Management Commentary

  • “Our third quarter performance was exceptionally strong… delivering 16% constant currency revenue growth… stent grafts of 38%, On‑X of 25%… preservation services of 5%, BioGlue of 2%” .
  • “Adjusted EBITDA margin was 21.7%… ~320 bps improvement over the prior year, driven by improvements in gross margin and leverage in SG&A” .
  • On reimbursement: “CMS… established… DRG‑209… reflects… meaningful increase… expected to… act as an incremental tailwind” .
  • On AMDS: “Revenue is still heavily weighted towards initial stocking, with positive, exciting ramp to the implantations” .
  • On On‑X: “We maintain our strong conviction that On‑X is the best aortic valve… under the age of 65 and will continue to take market share worldwide” .
  • On Arcevo: “Enrolled the first patient in our ARTIZEN trial… we estimate a PMA for Arcevo would open an incremental $80 million U.S. market opportunity” .

Q&A Highlights

  • 2026 setup: tougher AMDS comps and full-year Arcevo trial costs, yet still targeting double‑digit revenue growth and adjusted EBITDA growing at 2x cc growth .
  • AMDS dynamics: majority of current U.S. revenue from initial stocking; implants rising; DRG‑209 supportive; not breaking out AMDS revenue; trending toward high end of year‑1 expectations .
  • On‑X “mechanical comeback”: mgmt cites large database studies showing superiority in <60–65 years; plan to expand marketing to cardiologists in 2026; strong new account adds .
  • BioGlue China: consider incremental to reaching MSD global growth; don’t model as discrete step‑up .
  • Capital/FCF: amended facility reduces annual interest by ~$1.5M; FY25 FCF slightly negative due to $12M Austin purchase; expect positive FCF in 2026 despite $8M Q1 payment .

Estimates Context

  • Q3 2025 vs S&P Global consensus: revenue $113.4M vs $110.6M*; adjusted EPS $0.16 vs $0.152*; GAAP EPS $0.13 vs $0.02* — broad beat, with outperformance driven by mix (AMDS, On‑X) and margin expansion *.
  • FY25 guidance raised (revenue and adjusted EBITDA midpoints); analysts likely to lift FY25 revenue/EBITDA and modestly adjust EPS higher, while incorporating CFO’s 2026 caution (AMDS comps, Arcevo trial costs) .

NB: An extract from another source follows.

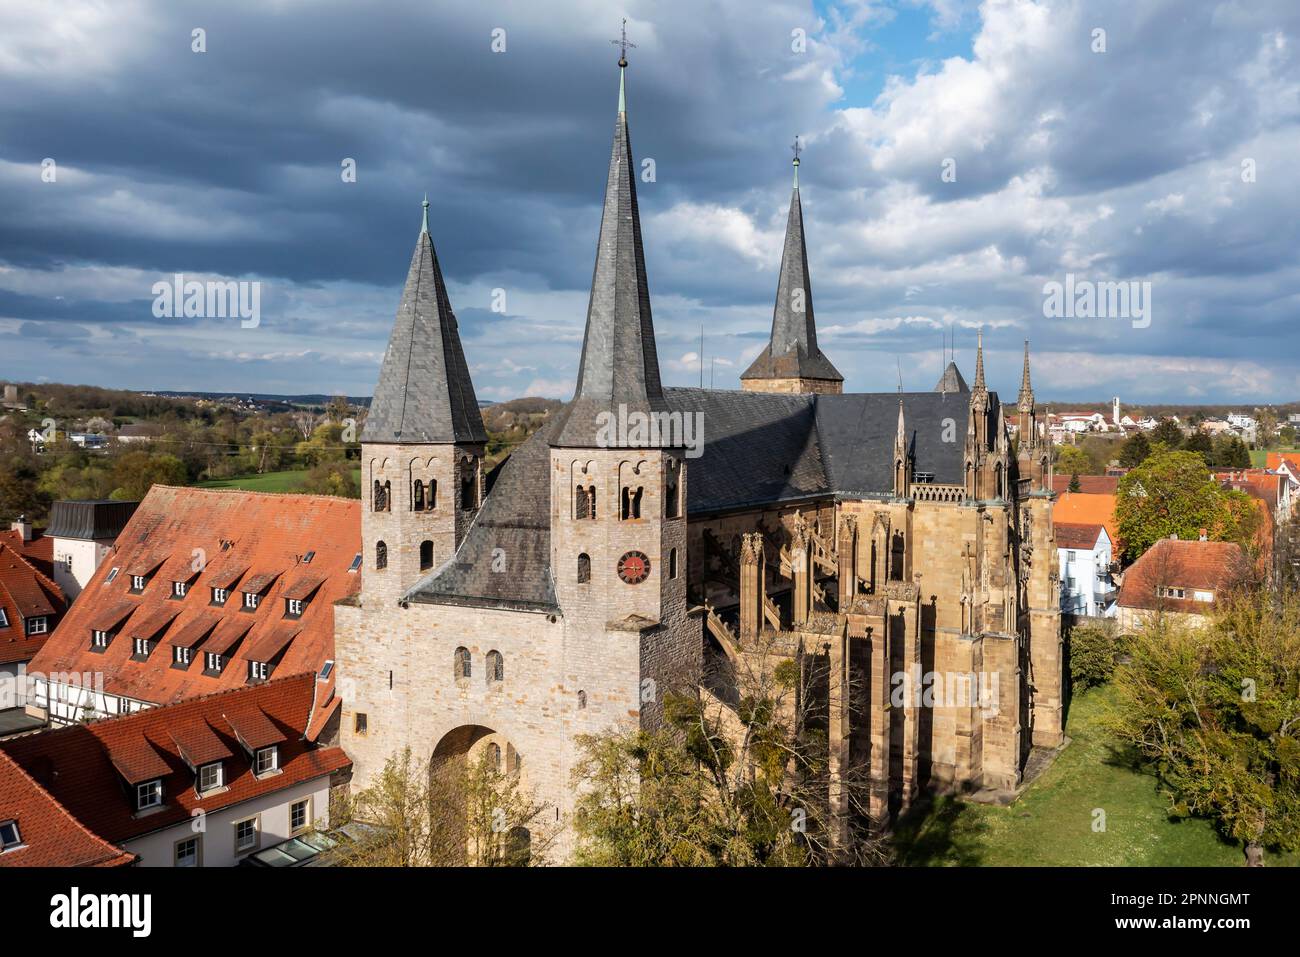 St. Peter's Collegiate Church, l'un des plus importants bâtiments gothiques d'Allemagne, vue extérieure, photo de drone, Bad Wimpfen Banque D'Images

Values with asterisks (*) retrieved from S&P Global.

Key Takeaways for Investors

  • Mix-driven upside continuing: AMDS HDE stocking and On‑X share gains are expanding gross margin and EBITDA; watch progression from stocking to sustained implant utilization in 2026 .
  • Guidance credibility strengthening: second consecutive raise this year; full-year revenue now $439–$445M and adj. EBITDA $88–$91M .
  • Reimbursement and data tailwinds: DRG‑209 improves U.S. hospital economics for complex arch procedures; positive EACTS late‑breaking AMDS data supports adoption .
  • Pipeline milestones de‑risking medium‑term: AMDS PMA targeted mid‑2026; NEXUS U.S. 1‑yr data in Jan; Arcevo pivotal enrolling with $80M U.S. opportunity .
  • Near‑term FCF dip is strategic: facility purchases expand On‑X capacity and lower occupancy costs over time; leverage down to 1.8x; amended facility adds $150M optionality for Endospan .
  • Monitoring points: AMDS sell‑through cadence, tissue revenue normalization path (FY25 closer to flat), and 2026 cost envelope for Arcevo trial .

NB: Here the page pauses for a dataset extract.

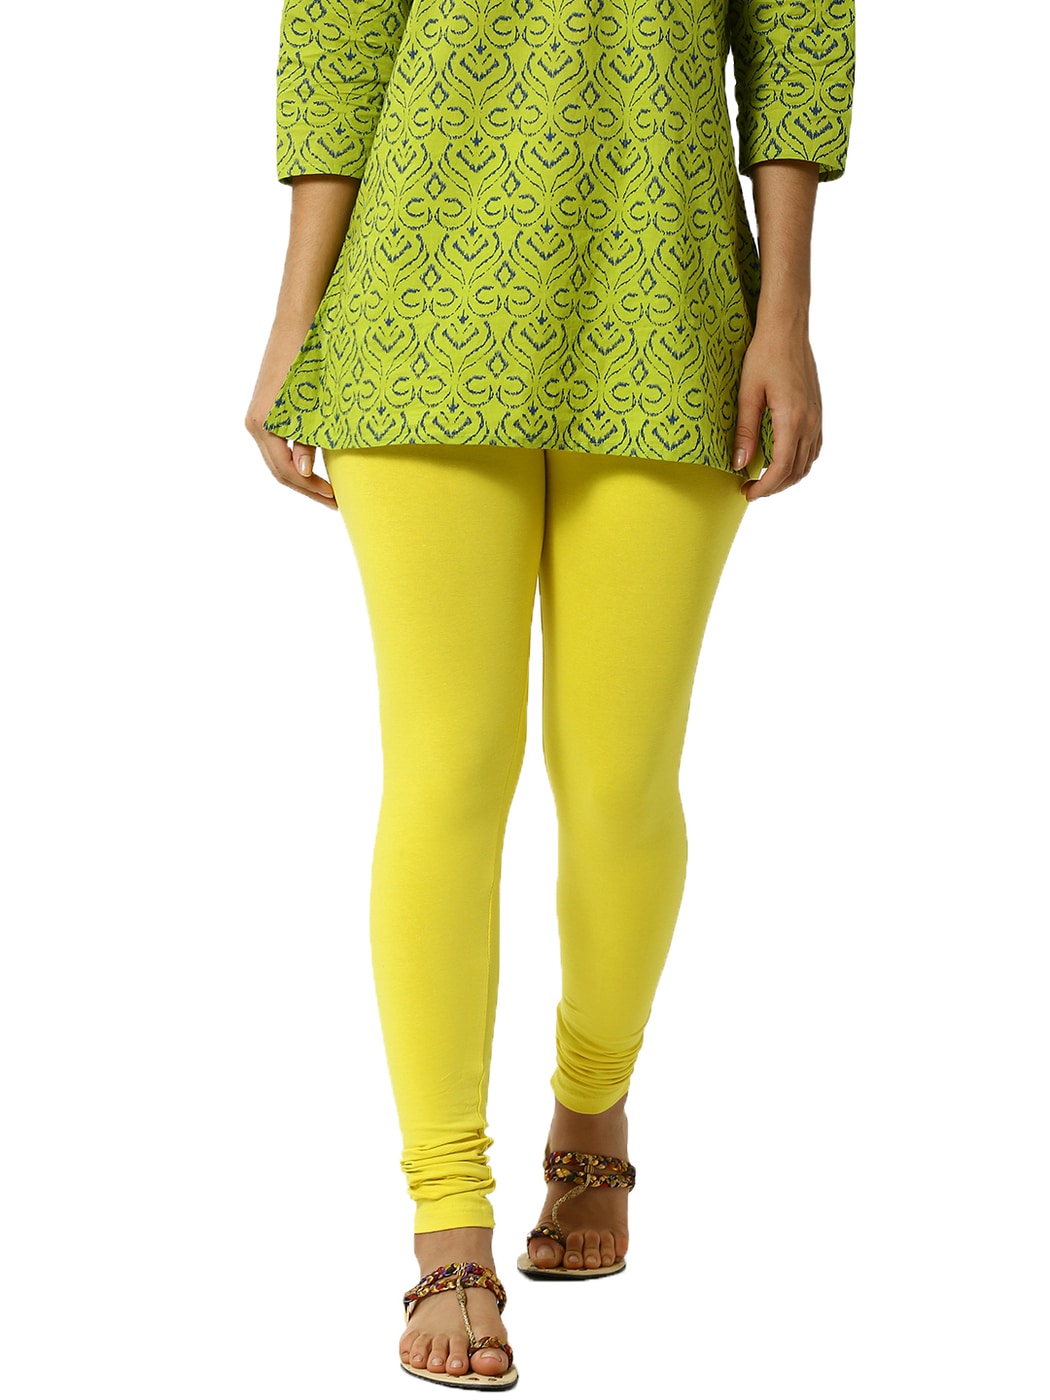 Buy Lemon Yellow Leggings for Women by De Moza Online

Supporting Documents Reviewed

  • Q3 2025 Earnings Press Release and Financials (full): revenue, margins, segment/geo mix, guidance, non‑GAAP reconciliations .
  • Q3 2025 Earnings Call Transcript (full): product dynamics, DRG‑209, margins, 2026 commentary, cash/leverage .
  • Other Q3‑period press releases: first patient in Arcevo ARTIZEN IDE ; EACTS late‑breaking AMDS data .
  • Prior quarters for trend: Q2 2025 press release and call ; Q1 2025 press release and call .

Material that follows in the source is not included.